Segment Start: EXTRACTED ENTRIES
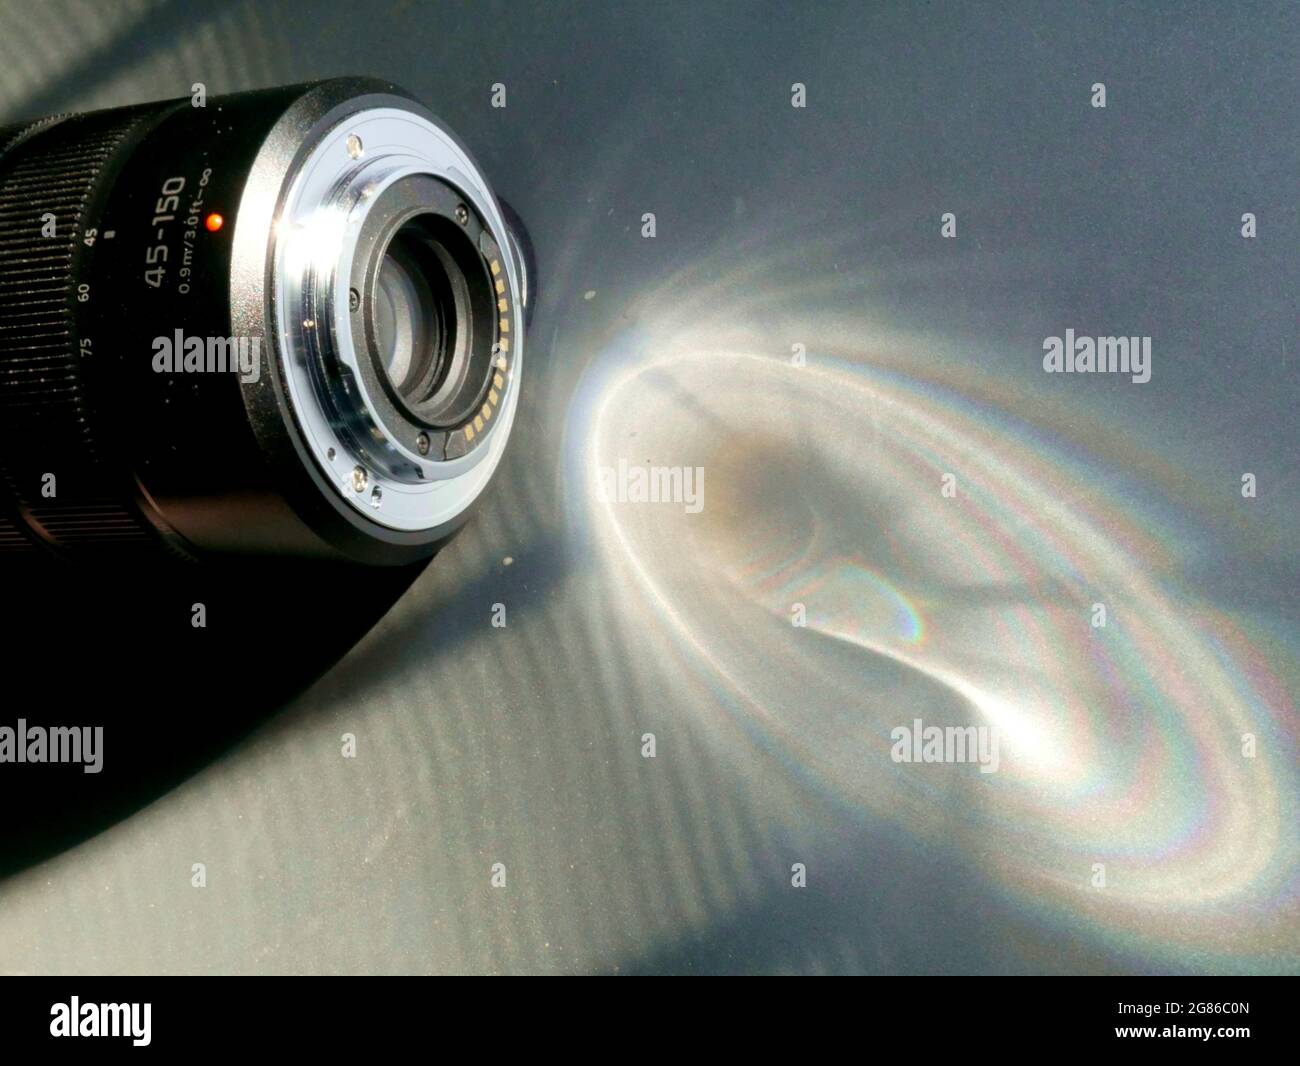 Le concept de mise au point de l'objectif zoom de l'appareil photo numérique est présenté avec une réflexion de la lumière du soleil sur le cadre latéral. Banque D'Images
Segment End: EXTRACTED ENTRIES
Segment Start: EXTRACTED ENTRIES
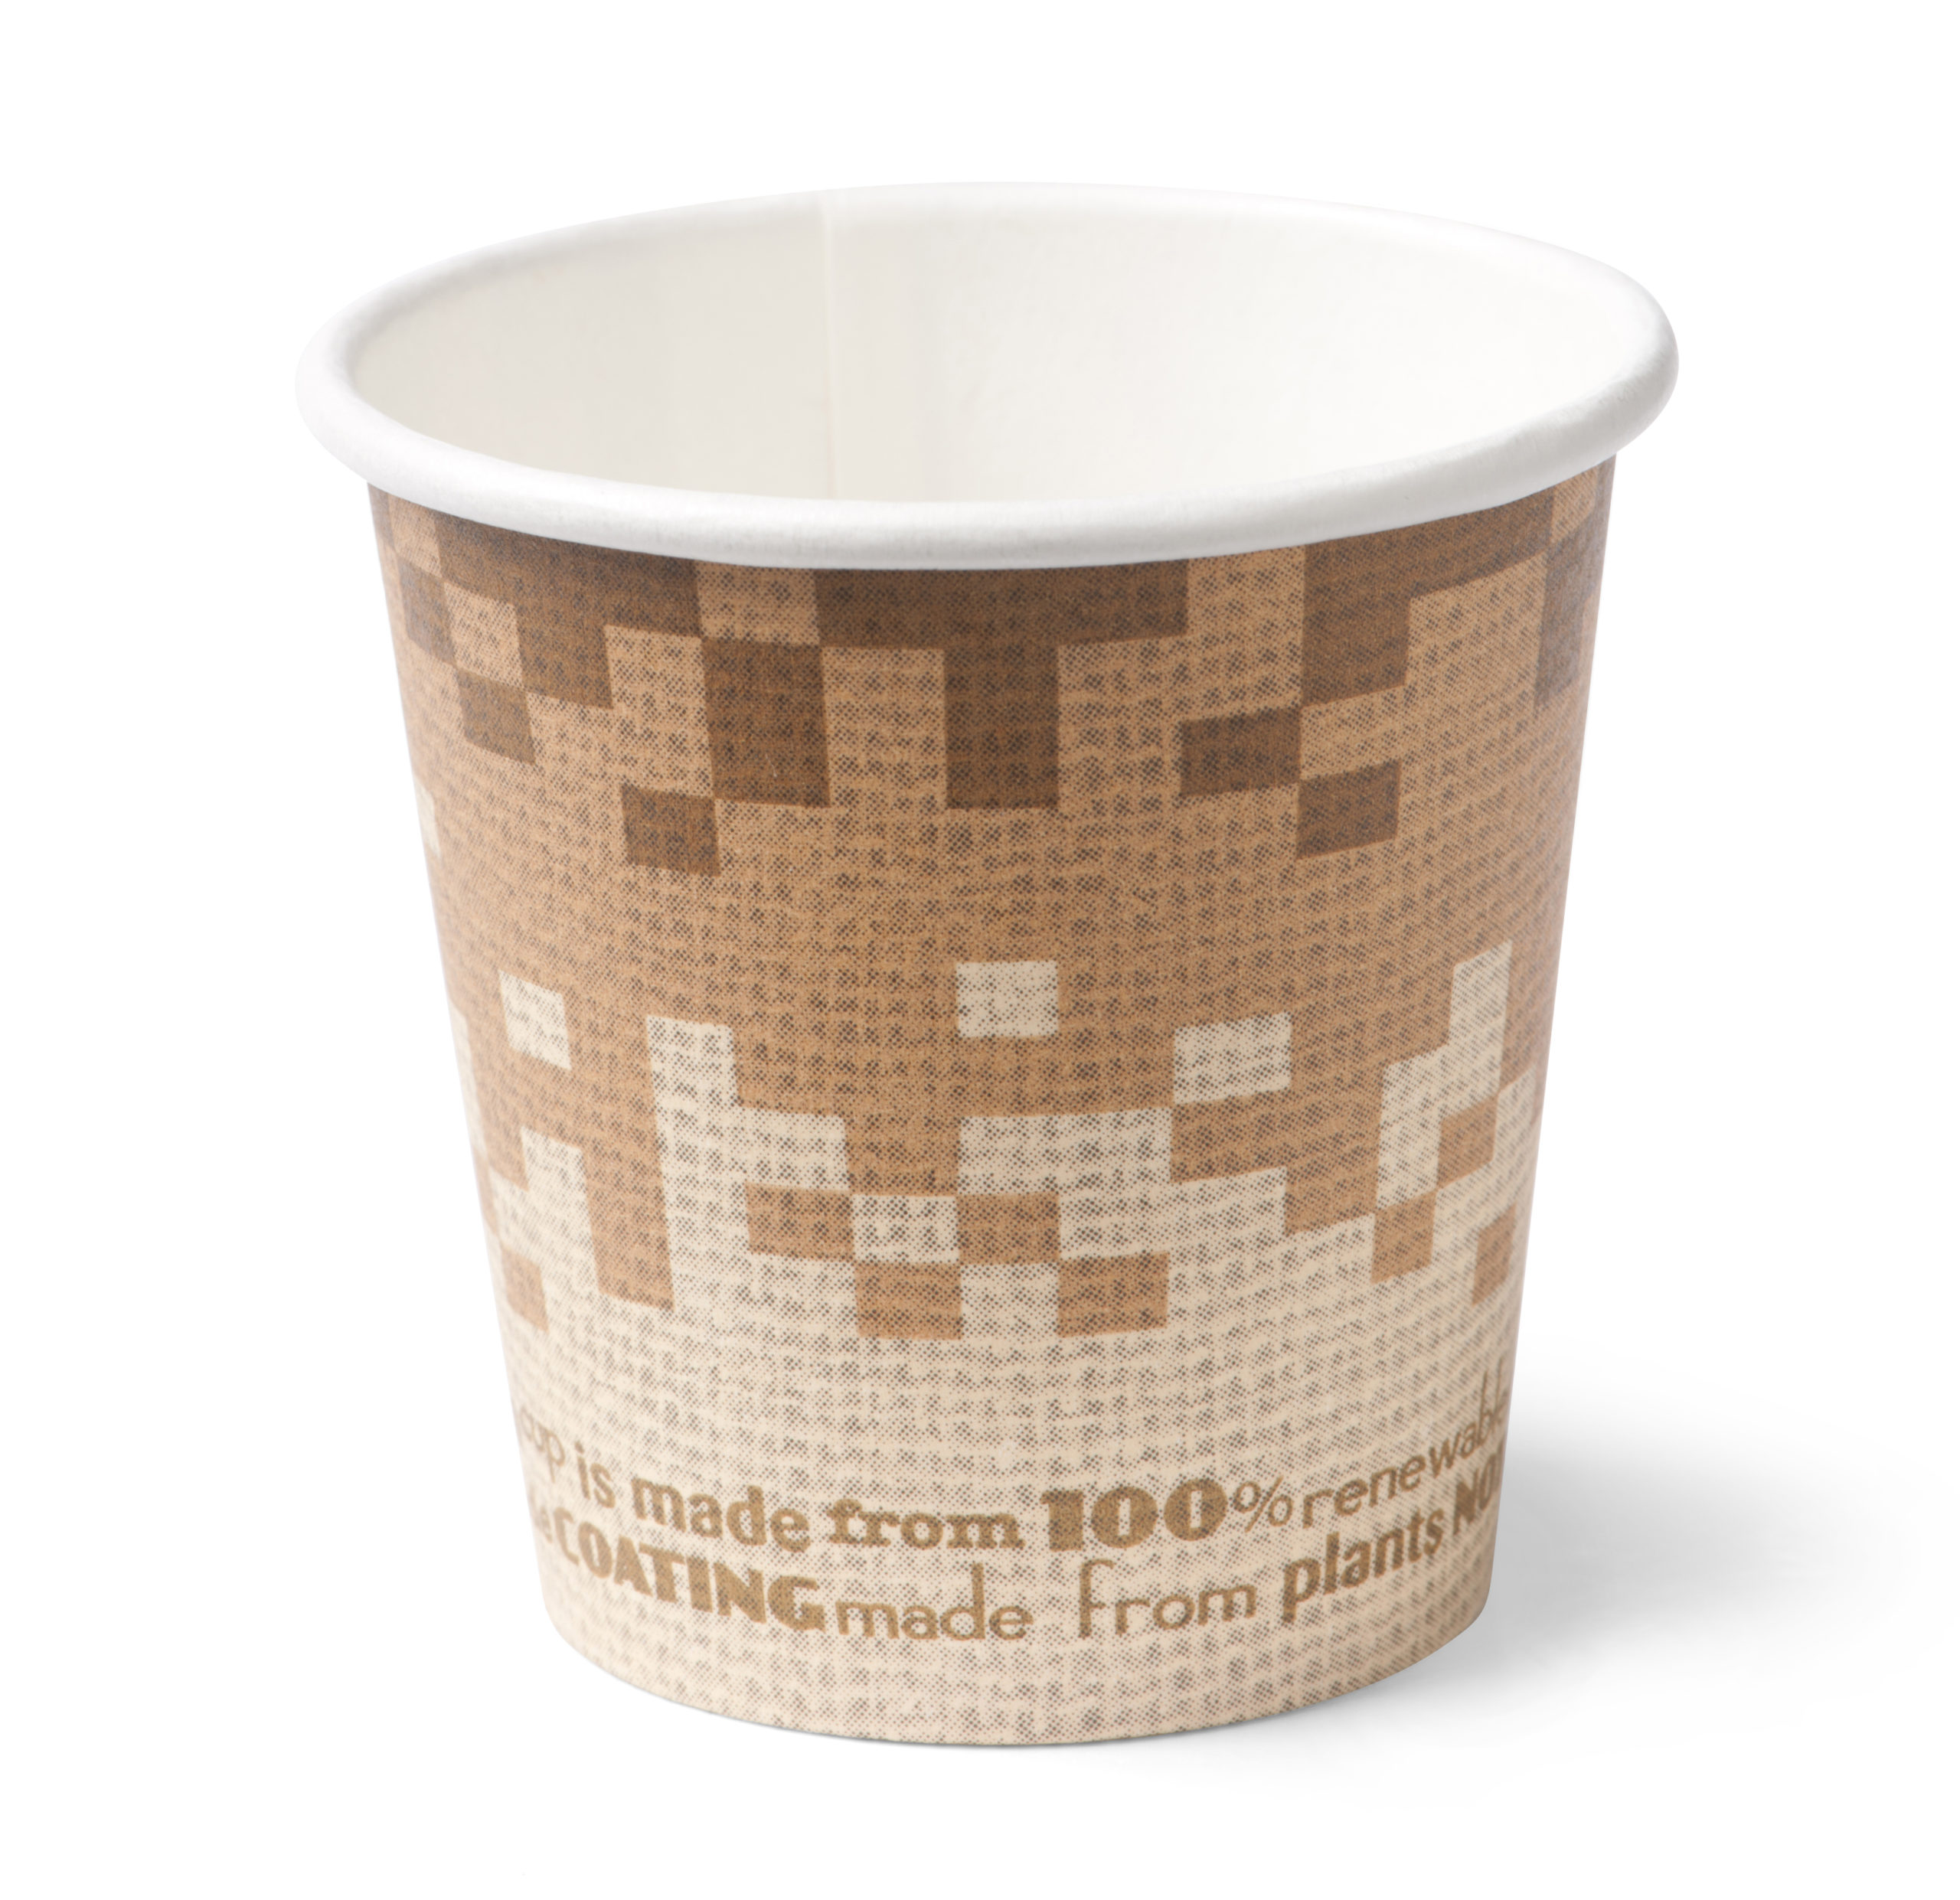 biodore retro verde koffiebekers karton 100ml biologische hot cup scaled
Segment End: EXTRACTED ENTRIES
Segment Start: EXTRACTED ENTRIES
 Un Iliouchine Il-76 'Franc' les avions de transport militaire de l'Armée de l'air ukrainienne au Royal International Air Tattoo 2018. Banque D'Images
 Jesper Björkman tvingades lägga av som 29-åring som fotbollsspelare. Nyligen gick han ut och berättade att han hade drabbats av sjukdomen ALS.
Segment End: EXTRACTED ENTRIES
> **TASK STATEMENT**: Going down the listing above, begin printing at the line with "Un Iliouchine Il-76" and finish with the line with "Jesper Björkman tvingades", exactly as they appear.

> **ANSWER TO THIS TASK**:
 Un Iliouchine Il-76 'Franc' les avions de transport militaire de l'Armée de l'air ukrainienne au Royal International Air Tattoo 2018. Banque D'Images
 Jesper Björkman tvingades lägga av som 29-åring som fotbollsspelare. Nyligen gick han ut och berättade att han hade drabbats av sjukdomen ALS.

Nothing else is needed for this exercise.